Послышался шорох шин на подъездной дорожке, звук открываемой двери, Лиза вышла в холл, Алексей медленно входил в дом. Каждое его появление на ее пороге несло перемены — их неловкое знакомство в прихожей среди горы обувных коробок, его гневный взгляд на кимоно в ее руках все в той же прихожей. Пусть его третье появление рядом с ней принесет более счастливый результат.

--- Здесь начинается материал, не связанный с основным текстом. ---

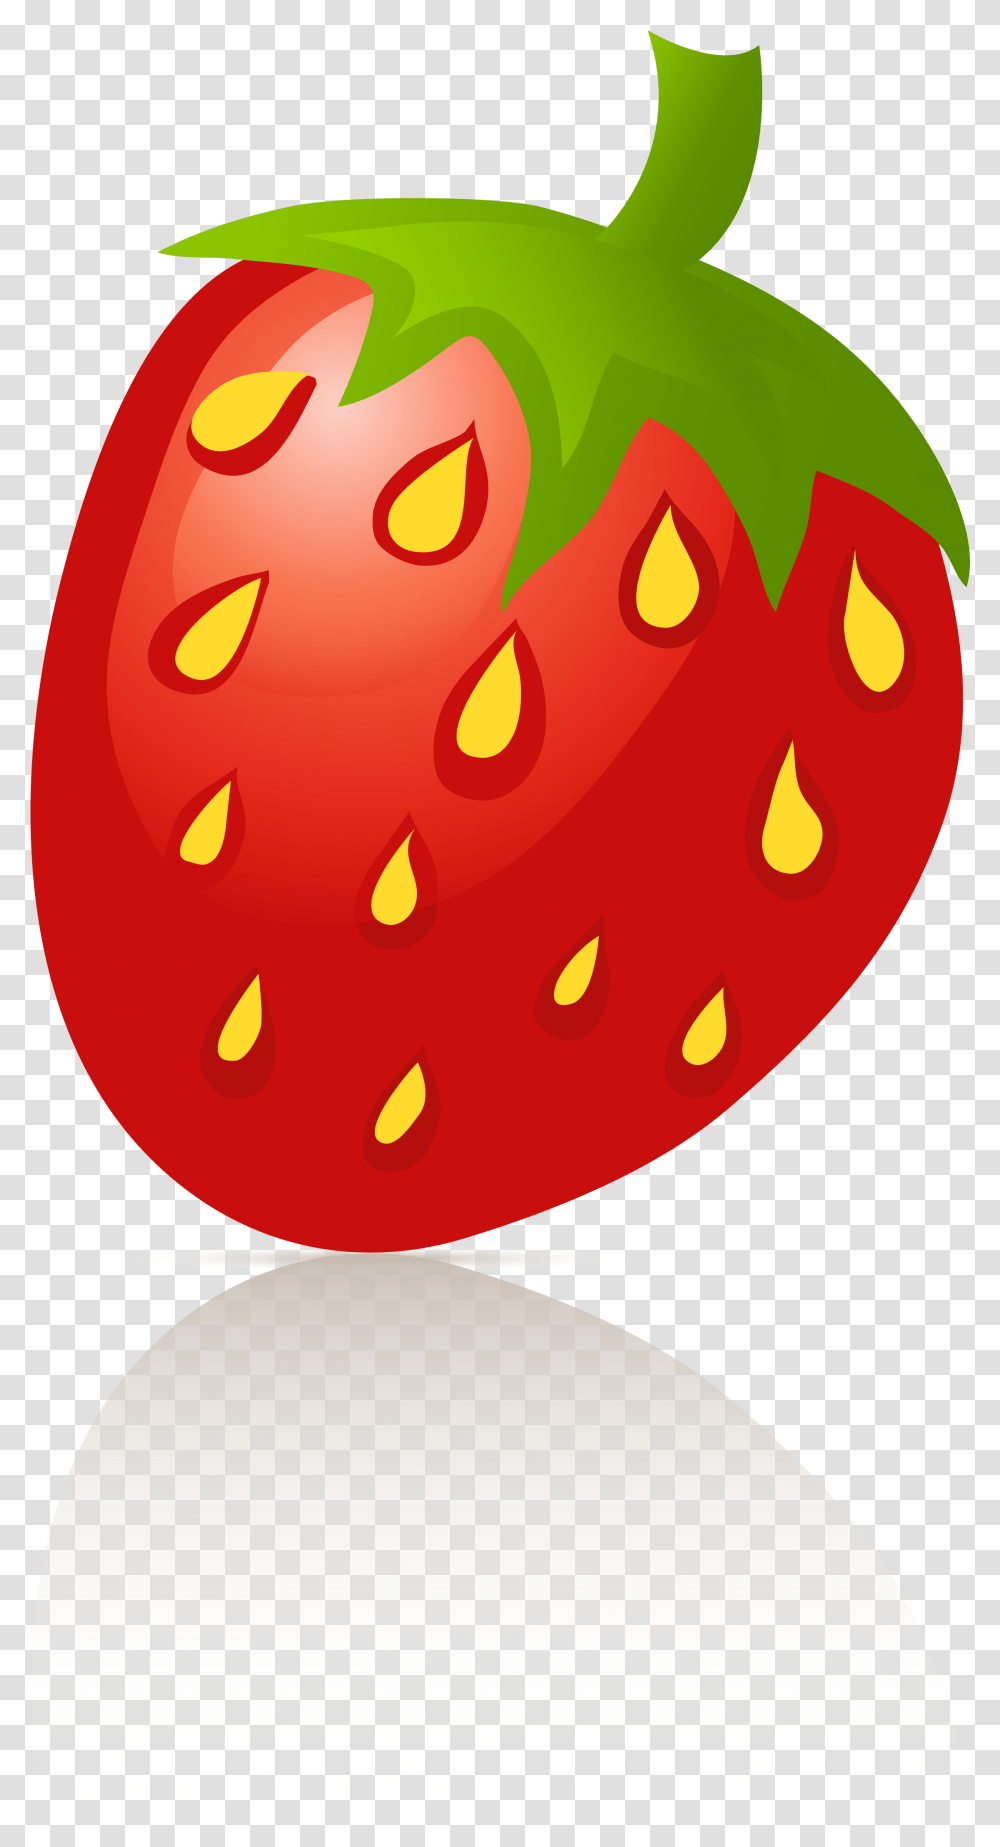 Strawberry Sigel Bell Pepper Clip Art, Food, Plant, Egg, Fruit Transparent Png
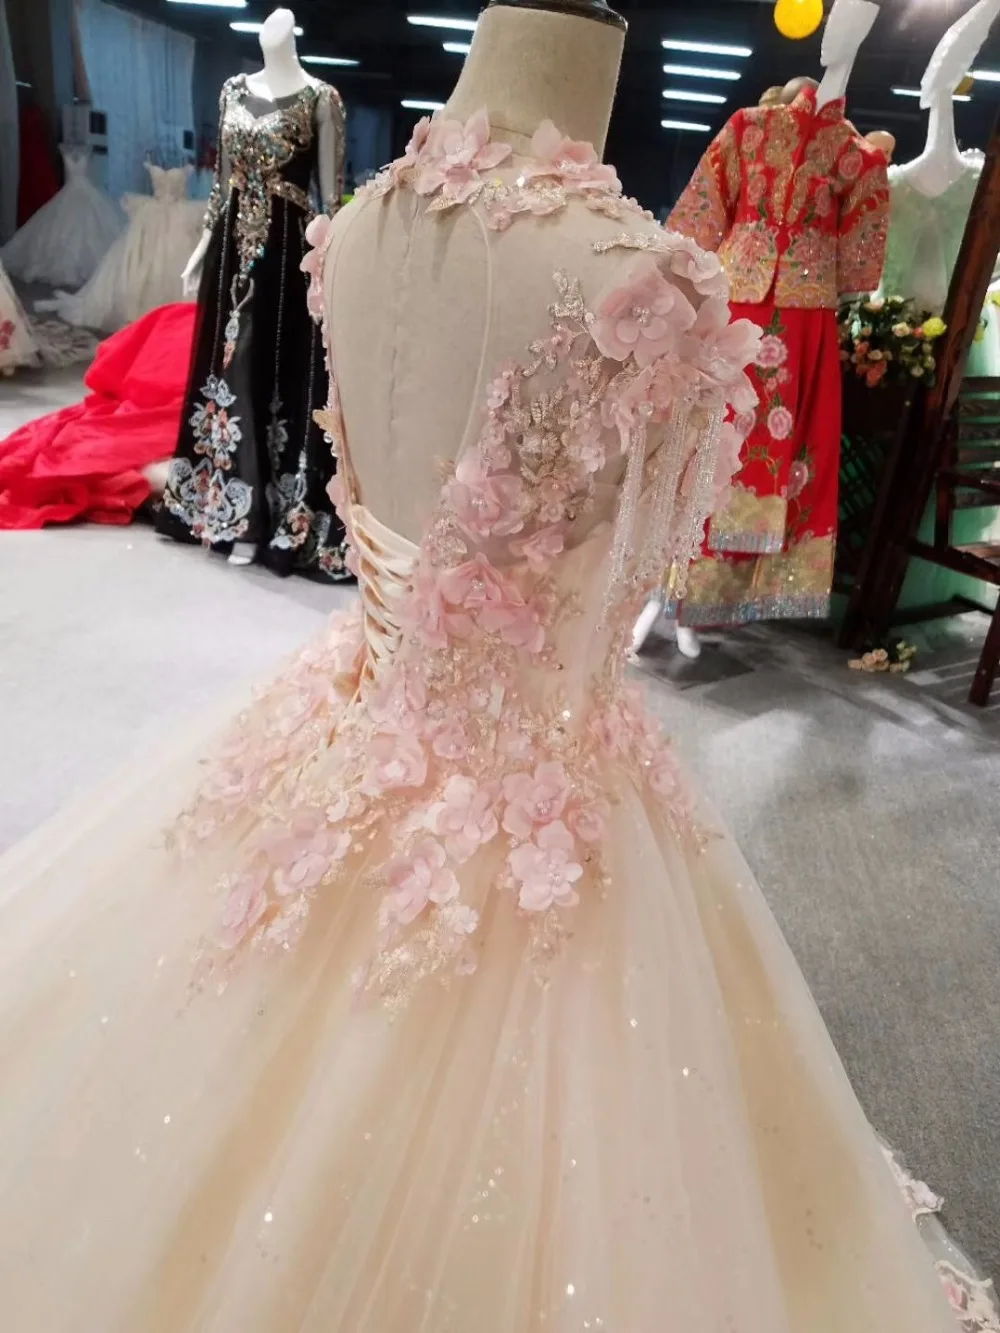 CloverBridal список лучших продавцов alibaba розничный магазин невесты платье принцессы длиной в Пол, розовое платье с кристаллами и кисточками на плечах

Корнилов выглядел бледным и усталым, вокруг глаз залегли глубокие морщины, один из охранников помог ему снять пальто, и Алексей сделал шаг Лизе навстречу. Она протянула к нему руки и подставила губы для поцелуя. Может быть, кому-то это могло показаться излишне мелодраматичным, но Лиза делала то, что подсказывало сердце. Разве был какой-то единый рецепт, разве знал хоть кто-то, как склеить разбитую бесценную вазу?

— Я сделала торт, как обещала, — прошептала Лиза.

— Я чувствую запах, — уголком рта улыбнулся Алексей и легко коснулся ее губ своими.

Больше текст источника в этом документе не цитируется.